Вот он самый тот бравый казак Парамон Голубаев, от роду осемнадцати лет, Всевеликого войска Донского, Зимавейскои станицы урядник, славного граф-Платова Атаманского полка офицер, синий шлык на шапке и белый султан. За Аустерлиц и за взятие града Данцига на младой груди три медали на бантах.

О восемьсот четырнадцатом ли то было славном годе, как проскакали мохнатые казацкие кобылицы от Новочеркасска и той же Урюпинской до Шомонских высот, до Пантеонских ворот, до Парижа ли города, скрозь всю державу немецкую и прочие, какие там ни есть заграничные земли.

И самый тот младой и храбрый казак Парамоша Голубаев, хотя и с ошибками в знаках отличия, но с лица в точности был на французской гравюре тогда же изображен.

Точно, носил Парамоша волос русый до плеч, как бы волнуемый ветром. Ширше облака его синие шаровары, а по ним льется до пят широкий алый лампас. Только и видать в конце синего облака, что казацкие его сапожки, кован каблук серебром, да тульские шпоры звона приятного.

Лицом младой Голубаев, не взирая орденов кавалер, скромен, ровно бы девица, и заливает ему щеки румянцем от шуток скоромных: известно, на баб в воинстве язык-то ядреный и, прямо сказать, без узды.

Однако во многих боях летал славным орлом младой тот казак.

Сам Платов-граф, атаман, жаловал его милостью, а за скромность и учтивство дал прозвание ему – Голубок.

Как брал Платов-граф какой город немецкий, Берлин там который, первым зовет в шатер Голубка.

Ножкой потопает, чубуком потрясет, и скажет Его Сиятельство графское:

– А скачи-ка ты, донской Голубок, в самую первую линею, под огонь, и чтоб сюда мне Бонапарта доставить, однако, живьем и черный волос не заерошить, ни же аглицкие там часы али плат какой куриозный из штанов Бонапартовых чтобы не сгинули…

Но как в немецких крепостях Бонапарт не поймался, то атаман Платов-граф много досадовал и дал команду казацким полкам идти на рысях к Папе Римскому в гости.

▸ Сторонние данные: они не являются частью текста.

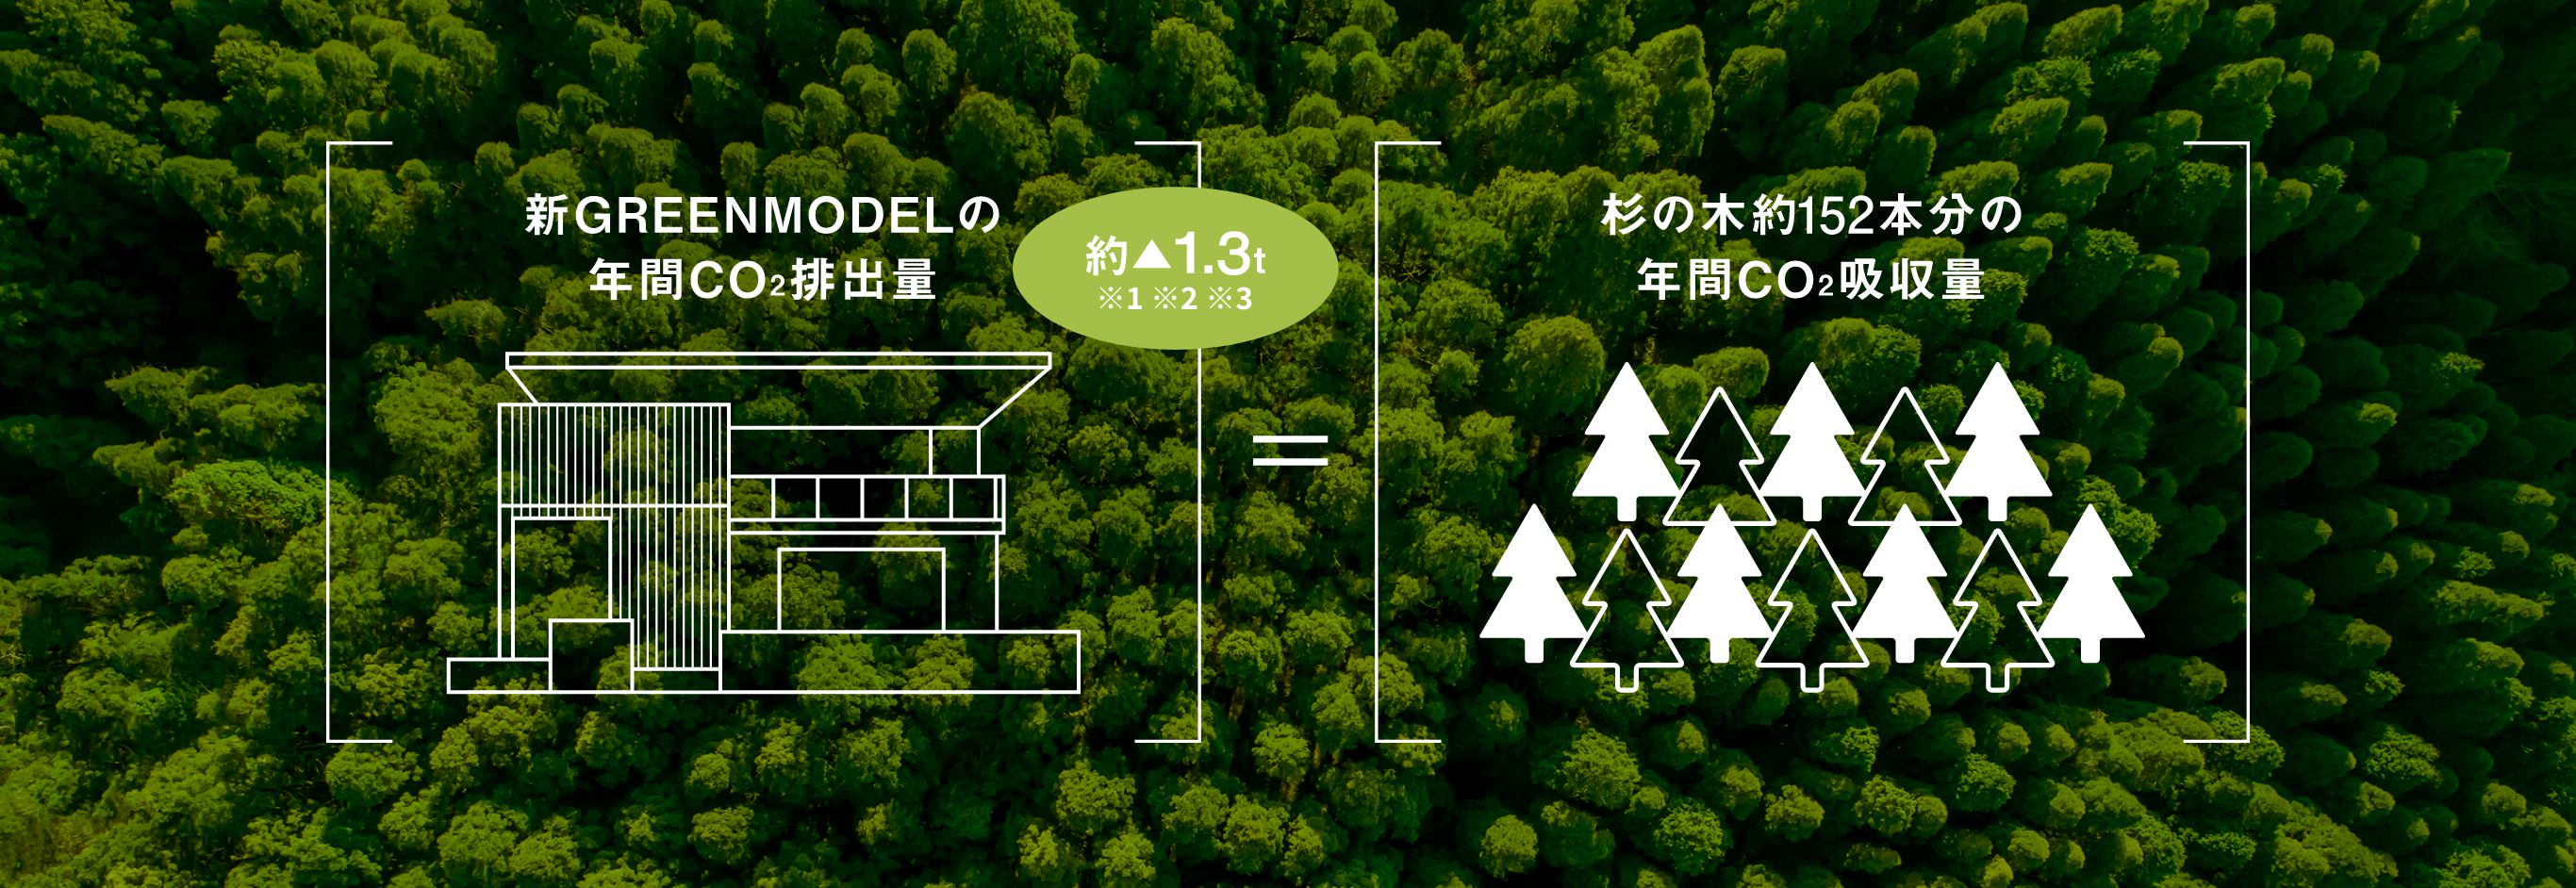 新グリーンモデルのシーオーツー年間排出量約マイナス1.3トン※123は、杉の木約152本分のシーオーツー吸収量に相当します

То ли Папу в плен забирать, то ли высвобождать, да Государь на решенье такое поморщился и ручкой изволил махнуть, а в ручке бел шелков платочек: «Сим повелеваем Мы вам Папу Римского ни в плен не пленить, ни в свободу освобождать, а идти всем великим казачьим войскам в авангардии в самый Париж, коий лавр наш и трофей».

По каменьям застав копыта звенят. Трубят в Париже трубы россейские, барабанщики барабанят, ветер веет султаны на киверах, а на тех киверах – медь-орлы.

У какой там дороги или на котором-то поле, но запросился в седло к дядьке урядника Голубка, к тому ли славному казаку Сидору Горбуненкову, некий человек иностранный. Сам в камзоле, при паруке, медная проволока в косицу заплетена, а в руке содержит допрежнюю треугольную шляпу, какие и по Россее были в ходу при Павле Первом покойном.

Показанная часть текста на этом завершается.